Has anyone tried this before, or will it not be a good idea?


----------



## The Systemic Kid (Nov 23, 2012)

Never heard that one before. Don't think it's worth the effort for all sorts of reasons but you've got nothing to lose. If you do re-roast let us know the result.


----------



## DavidBondy (Aug 17, 2010)

I tried re-roasting some (very pale) HasBean beans. Didn't work, I'm afraid.


----------



## ronsil (Mar 8, 2012)

froggystyle said:


> .....roasting them again for a little while to bring them up to colour.


That will not work I'm afraid for so many reasons.

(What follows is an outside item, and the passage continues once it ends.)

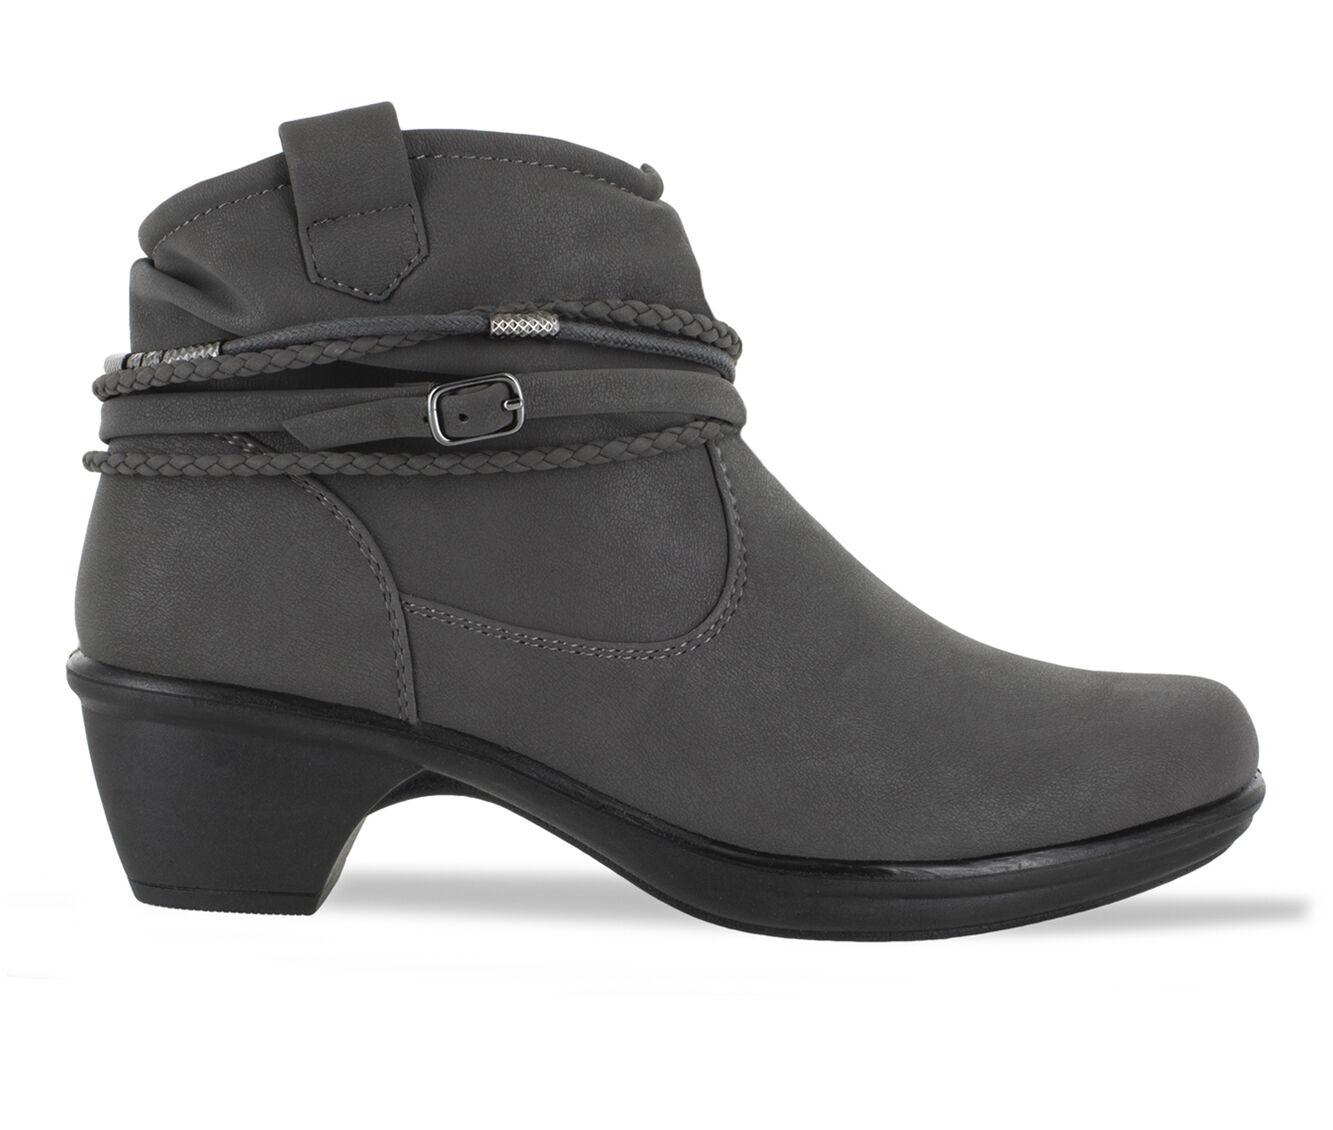 latest style Women's Easy Street Wrangle Booties Grey

Beans gain their flavour as they pass through the various stages of roasting. Reaching a colour does not in itself mean a bean has been roasted to extract the maximum taste.

The various stages passed through during roasting all have an effect on the final taste.

Important is the bean drying stage, the time between end first crack - start second, time from first crack to end of roast. Adjustments to any of these will alter the final taste.

The bean is ruined if allowed to 'stall' during the roast i.e. bean temperature drops. Rate of rise of the temperature should be steady throughout.

Thus if beans are allowed to cool before a roast ends correctly, you have in fact 'stalled ' the roast. To restart from cold will only serve to dry out & burn the beans & in fact burn out any flavour that existed.

These beans do have a use but that I'm afraid is to season or run-in the new burrs on a grinder.


----------



## froggystyle (Oct 30, 2013)

No worries, i do have another sue for them so not wasted completly!


----------